Nexus Energy is staring down administration as a small, but significant, core of shareholders vote against Seven Group’s bid for control of the company. The energy group’s board is pleading with stockholders to reconsider, but it’s unlikely pragmatism will rule over principle.
Elsewhere, Wesfarmers may have its eye on a local energy giant, the NSW government looks to shore up privatisation plans, ANZ Bank and National Australia Bank continue to assess options for offshore divestments and Hoyts joins the IPO queue.
Nexus Energy shareholders remain firmly stuck between a rock and a hard place, left to accept a lowball 2c a share bid from Seven Group or else enter administration. The question they are asking themselves is do we hold out on moral grounds, frustrating Seven, which has tried to ruthlessly swoop on the wounded group, or do we accept the bid knowing it is likely the only hope of getting anything back for our investment (even if it may be a pittance)?
Not an easy choice, but a small core of large shareholders appear convinced principle should rule over the pragmatism of acceptance. As it stands over 25 per cent of voting shares have been cast in the negative, leaving Thursday’s official vote very likely to end in failure for Seven. As a result it may need to go through administrators to claim the firm’s assets.
Meanwhile, Wesfarmers is believed to have run the ruler over a $10bn takeover offer for AGL Energy in a deal that would stir plenty of attention.
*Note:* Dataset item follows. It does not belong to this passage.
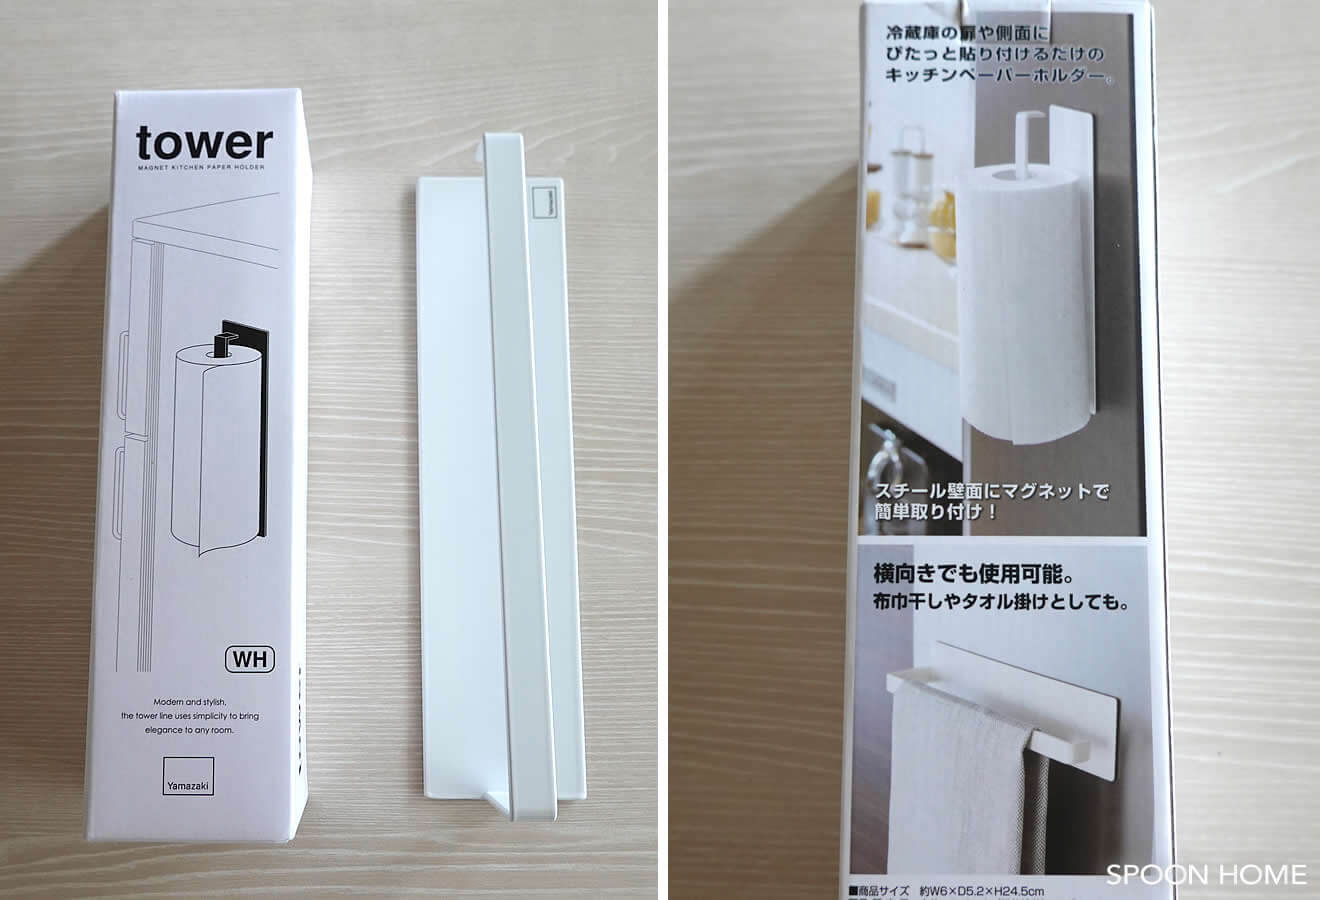 山崎実業・towerの「マグネット キッチンペーパーホルダー」のブログ画像

The reported interest comes on the back of speculation of a bid for hospital operator Healthscope and could even extend to interest in AGL rival Origin Energy.
An offer admittedly appears unlikely, but a war chest -- like the $3bn-plus one Wesfarmers has built up -- brings you into the rumour mill for most takeover targets and expect plenty more gossip before Richard Goyder finally opens the group’s checkbook on a deal.
Speaking of Wesfarmers, one of the conglomerate’s liquor retailers, Vintage Cellars, remains at the centre of takeover speculation as reports surface that Metcash could be involved in a bid. According to The Australian Financial Review, a private equity consortium approached the grocery wholesaler after testing the waters on Coles’ interest in offloading Vintage Cellars. The paper also linked Tony Leon, a former boss of Dan Murphy’s and Coles, to the tyre kicking.
In finance, ANZ Bank is again mulling the sale of its 39 per cent stake in Indonesia’s Panin Bank. Goldman Sachs is advising the bank as it looks to rid itself of minority stakes in the Asian region.
Earlier this year ANZ’s plan to offload the near $700m stake in Panin to Mizuho Financial Group fell through after months of negotiations.
Elsewhere, National Australia Bank’s hopes of selling its UK assets have received a minor boost as British bank Lloyds proceeds with a float of banking arm TSB. Credit Suisse analyst Jarrod Martin said a positive response to the TSB listing would open the door to a NAB divestment at a price that would be “positive” for its local stock.
In the IPO market, Pacific Equity Partners is pushing forward with a $500m float of cinema operator Hoyts, according to the AFR. Investment banks will reportedly pitch for a seat at the table in coming weeks ahead of an IPO later in the year.
Finally, it appears all systems go with power privatisation in New South Wales as the government prepares to accept bids for the Delta Coastal generators. The auction has attracted the interest of about six suitors amid speculation of an $800 million deal.
Meanwhile, Premier Mike Baird will call a special party room meeting to seek backing for the privatisation of electricity distribution assets worth $36.5bn. Support from the party room will see Baird take the plans to voters at the March election.